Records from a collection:
● ● ● ● ●
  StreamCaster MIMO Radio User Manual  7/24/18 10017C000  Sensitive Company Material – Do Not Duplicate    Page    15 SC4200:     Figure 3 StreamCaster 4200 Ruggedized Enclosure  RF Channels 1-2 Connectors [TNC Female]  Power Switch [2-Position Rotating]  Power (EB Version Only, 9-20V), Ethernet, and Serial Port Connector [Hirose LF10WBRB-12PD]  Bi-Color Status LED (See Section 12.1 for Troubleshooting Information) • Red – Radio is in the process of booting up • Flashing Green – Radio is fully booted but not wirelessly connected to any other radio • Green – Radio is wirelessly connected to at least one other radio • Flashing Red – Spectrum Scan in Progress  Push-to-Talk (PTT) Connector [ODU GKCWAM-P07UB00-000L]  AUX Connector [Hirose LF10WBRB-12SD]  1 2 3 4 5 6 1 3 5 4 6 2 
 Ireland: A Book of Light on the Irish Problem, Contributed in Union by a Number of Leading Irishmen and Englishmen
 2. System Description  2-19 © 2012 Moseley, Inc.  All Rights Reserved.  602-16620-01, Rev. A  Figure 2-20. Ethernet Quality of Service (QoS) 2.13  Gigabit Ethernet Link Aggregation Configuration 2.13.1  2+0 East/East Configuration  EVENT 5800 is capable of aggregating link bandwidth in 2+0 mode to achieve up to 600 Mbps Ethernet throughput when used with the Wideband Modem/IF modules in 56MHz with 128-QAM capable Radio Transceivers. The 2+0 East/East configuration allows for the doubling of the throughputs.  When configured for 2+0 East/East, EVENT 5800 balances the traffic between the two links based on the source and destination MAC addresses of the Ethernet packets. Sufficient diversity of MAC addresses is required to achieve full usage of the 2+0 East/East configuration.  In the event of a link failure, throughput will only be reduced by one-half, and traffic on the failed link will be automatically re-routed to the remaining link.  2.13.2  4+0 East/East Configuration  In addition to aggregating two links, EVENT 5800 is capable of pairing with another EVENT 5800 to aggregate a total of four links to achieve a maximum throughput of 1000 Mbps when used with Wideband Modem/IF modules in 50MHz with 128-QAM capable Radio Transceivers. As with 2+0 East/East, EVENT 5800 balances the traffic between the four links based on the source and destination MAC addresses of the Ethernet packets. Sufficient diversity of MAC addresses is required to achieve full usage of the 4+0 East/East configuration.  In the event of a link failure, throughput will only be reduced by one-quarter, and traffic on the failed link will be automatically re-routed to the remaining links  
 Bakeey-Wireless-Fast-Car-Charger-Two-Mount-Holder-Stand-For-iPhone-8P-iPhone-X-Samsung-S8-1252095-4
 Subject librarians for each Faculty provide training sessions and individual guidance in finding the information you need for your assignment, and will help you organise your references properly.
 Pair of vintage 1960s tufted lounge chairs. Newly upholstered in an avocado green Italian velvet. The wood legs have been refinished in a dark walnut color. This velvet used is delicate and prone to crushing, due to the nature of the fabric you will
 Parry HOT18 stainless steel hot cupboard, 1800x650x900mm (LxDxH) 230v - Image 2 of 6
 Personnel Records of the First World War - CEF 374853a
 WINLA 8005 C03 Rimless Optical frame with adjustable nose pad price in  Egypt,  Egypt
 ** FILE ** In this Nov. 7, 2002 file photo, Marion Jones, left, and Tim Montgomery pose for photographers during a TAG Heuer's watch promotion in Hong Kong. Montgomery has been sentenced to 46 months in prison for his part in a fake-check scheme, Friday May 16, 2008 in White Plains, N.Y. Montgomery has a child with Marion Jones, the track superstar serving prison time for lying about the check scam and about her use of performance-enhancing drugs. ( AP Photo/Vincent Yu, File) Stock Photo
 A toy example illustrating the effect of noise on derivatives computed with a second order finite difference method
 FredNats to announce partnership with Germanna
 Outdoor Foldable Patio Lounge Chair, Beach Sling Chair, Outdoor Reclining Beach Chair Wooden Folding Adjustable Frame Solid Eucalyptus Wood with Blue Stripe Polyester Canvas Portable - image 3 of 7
● ● ● ● ●
YOUR GOAL:
Which lines in the records contain the word "been"? Copy each one.

YOUR RESPONSE:
 Pair of vintage 1960s tufted lounge chairs. Newly upholstered in an avocado green Italian velvet. The wood legs have been refinished in a dark walnut color. This velvet used is delicate and prone to crushing, due to the nature of the fabric you will
 ** FILE ** In this Nov. 7, 2002 file photo, Marion Jones, left, and Tim Montgomery pose for photographers during a TAG Heuer's watch promotion in Hong Kong. Montgomery has been sentenced to 46 months in prison for his part in a fake-check scheme, Friday May 16, 2008 in White Plains, N.Y. Montgomery has a child with Marion Jones, the track superstar serving prison time for lying about the check scam and about her use of performance-enhancing drugs. ( AP Photo/Vincent Yu, File) Stock Photo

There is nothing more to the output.